Your task: Write out each line below precisely, passing over the pictures.

Recorded data:

◇ ◇ ◇ ◇ ◇

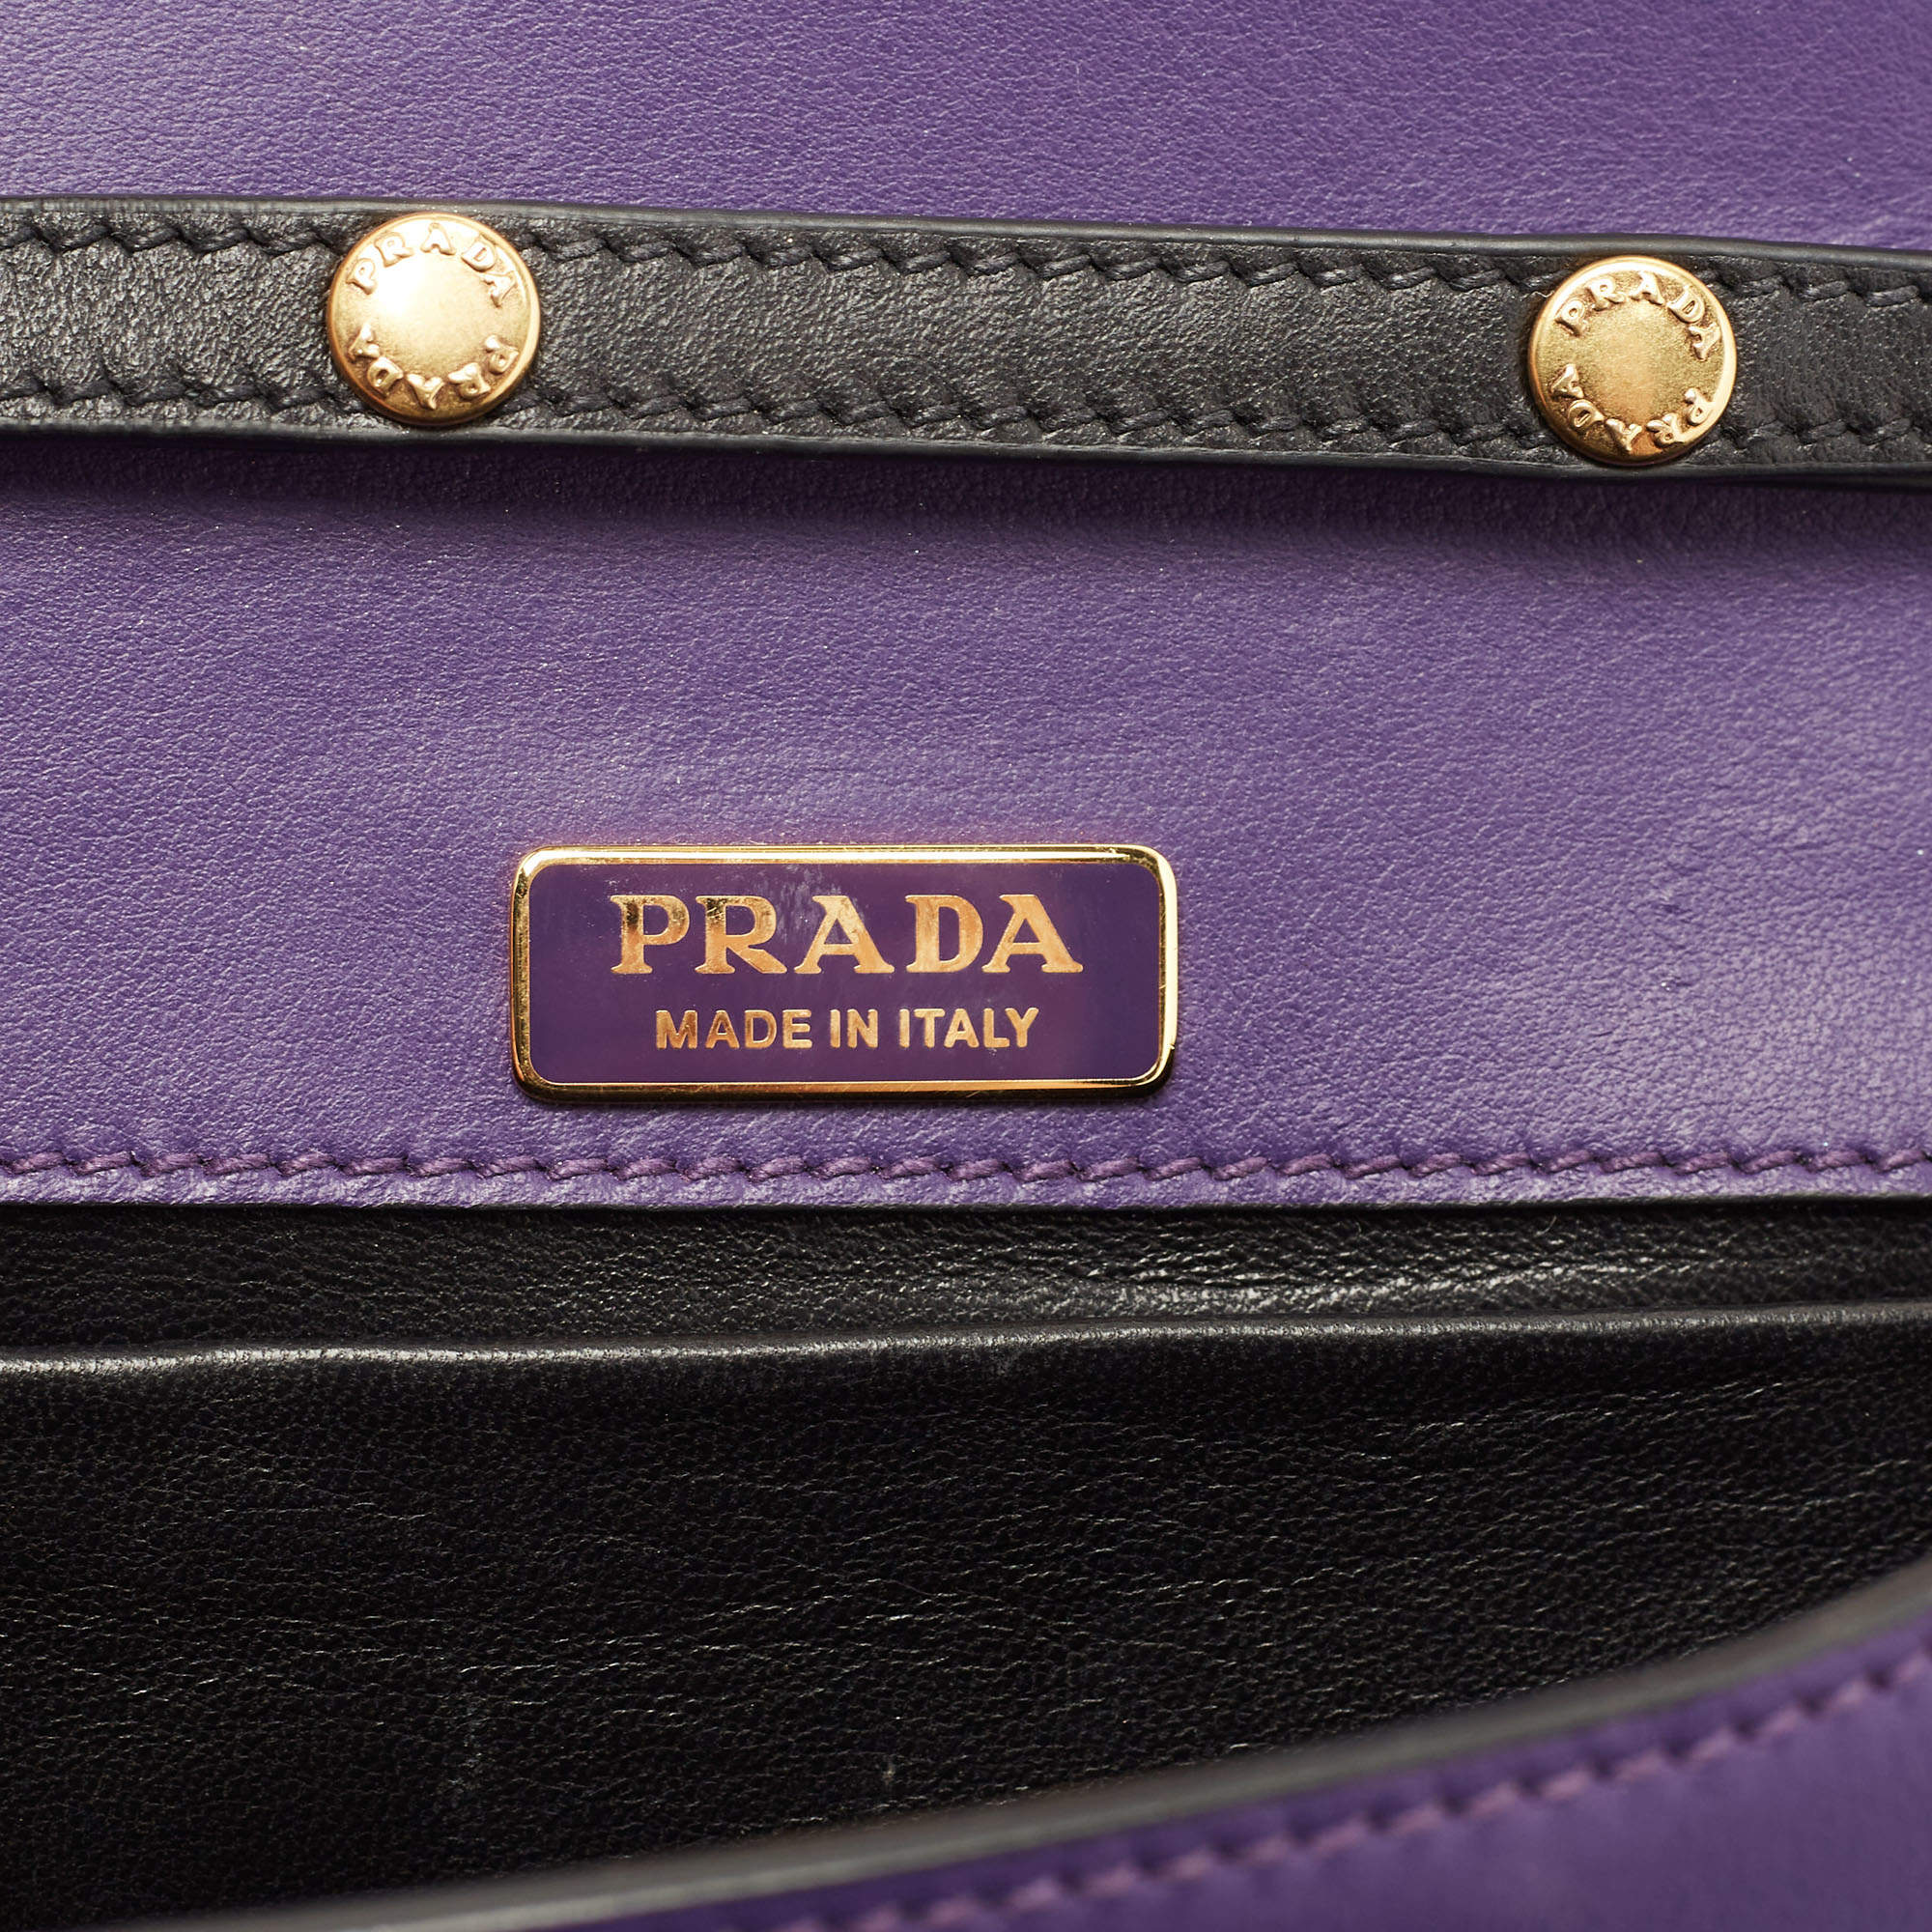 Prada Purple Saffiano and Leather Astrology Celestial Cahier Crossbody Bag
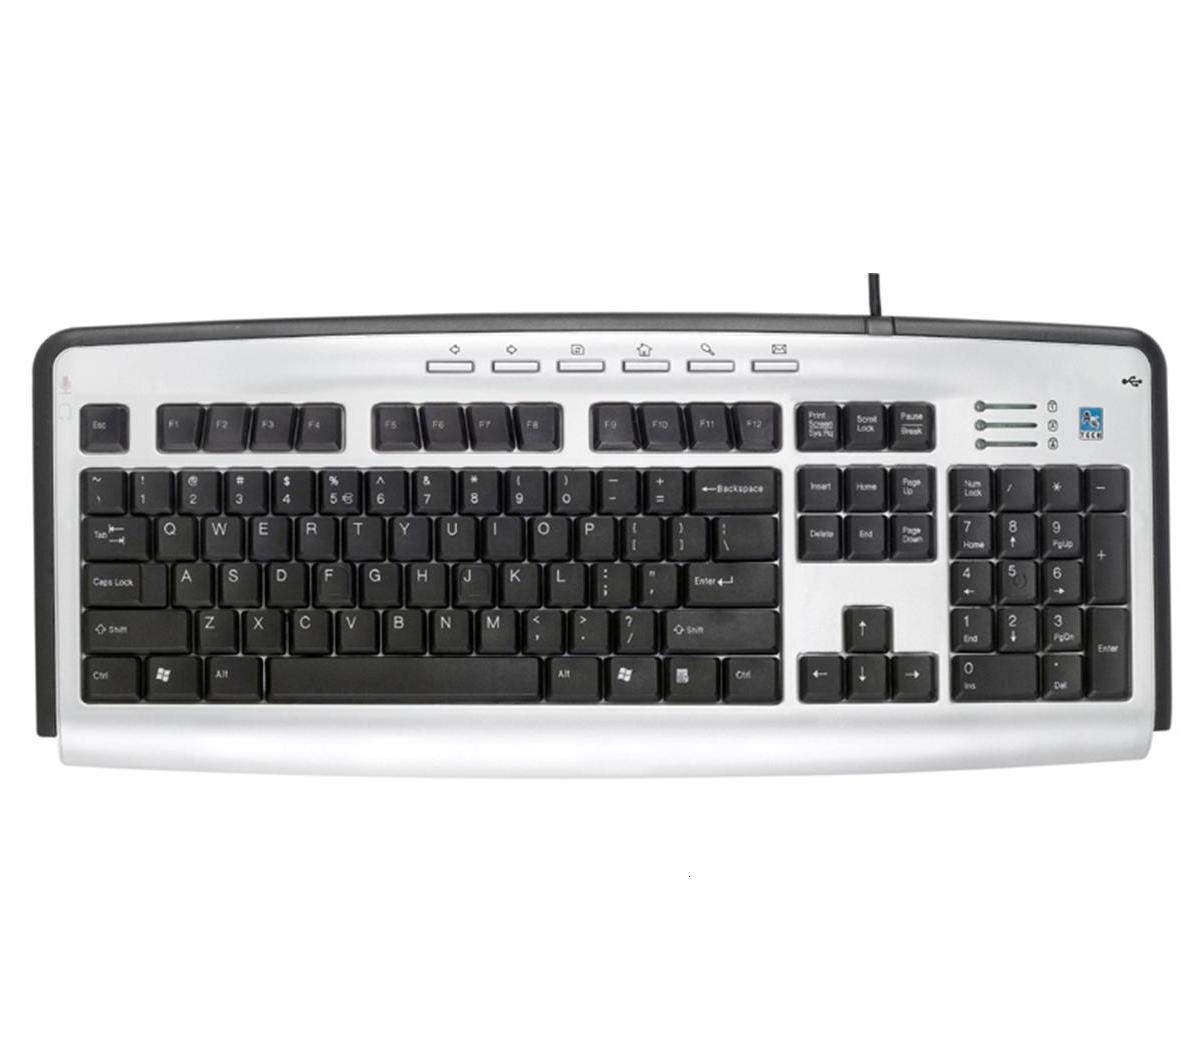 كيبورد - Keyboard ايفورتك-A4Tech  KL(S)-23MU - Headset X-Slim
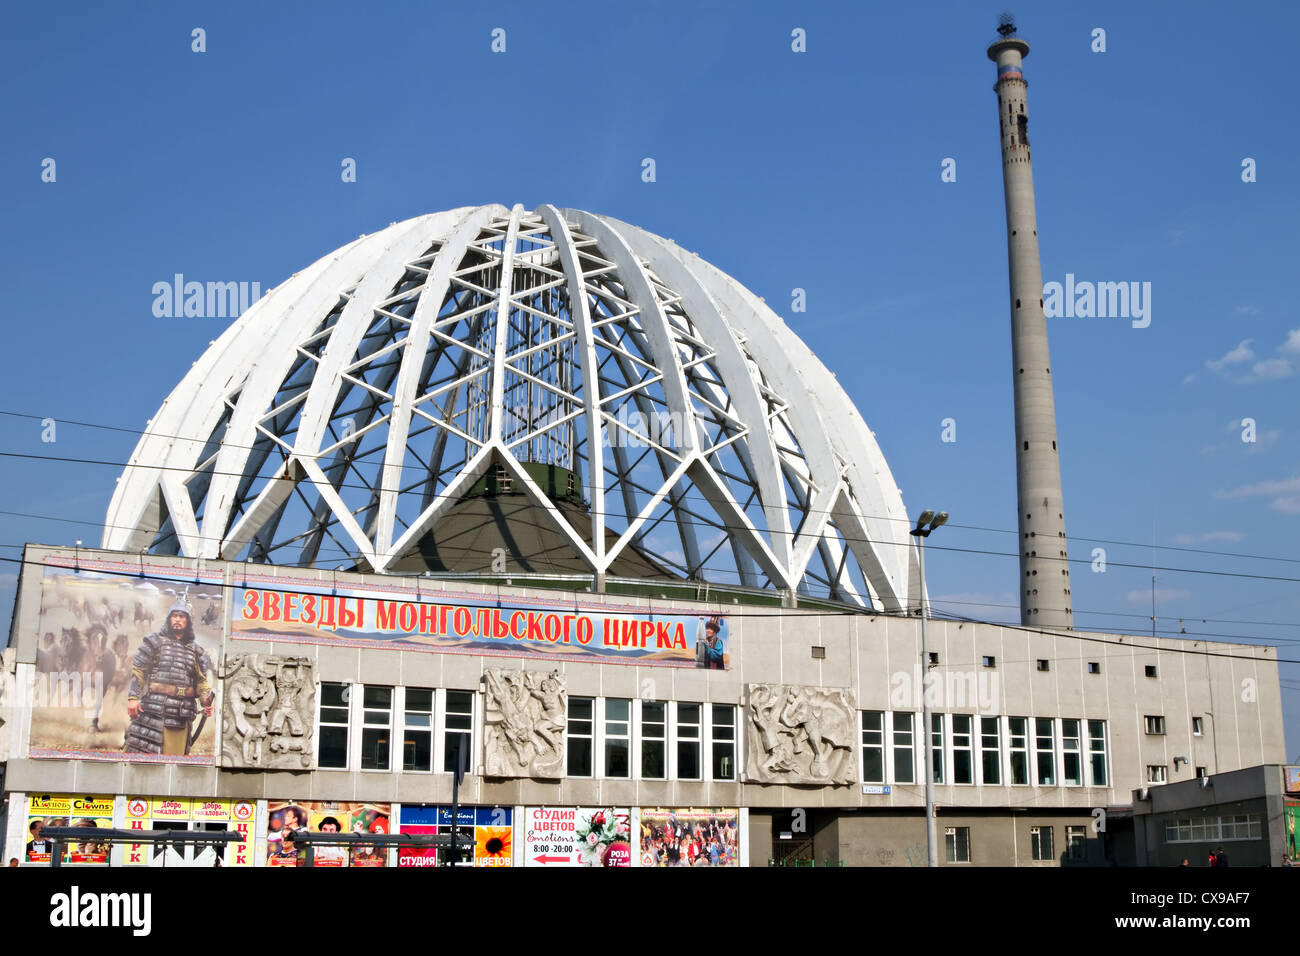 Yekaterinburg circus. Ekaterinburg (Yekaterinburg). City Sights. Russia. Stock Photo

◇ ◇ ◇ ◇ ◇

Response to this task:
 Prada Purple Saffiano and Leather Astrology Celestial Cahier Crossbody Bag
 كيبورد - Keyboard ايفورتك-A4Tech  KL(S)-23MU - Headset X-Slim
 Yekaterinburg circus. Ekaterinburg (Yekaterinburg). City Sights. Russia. Stock Photo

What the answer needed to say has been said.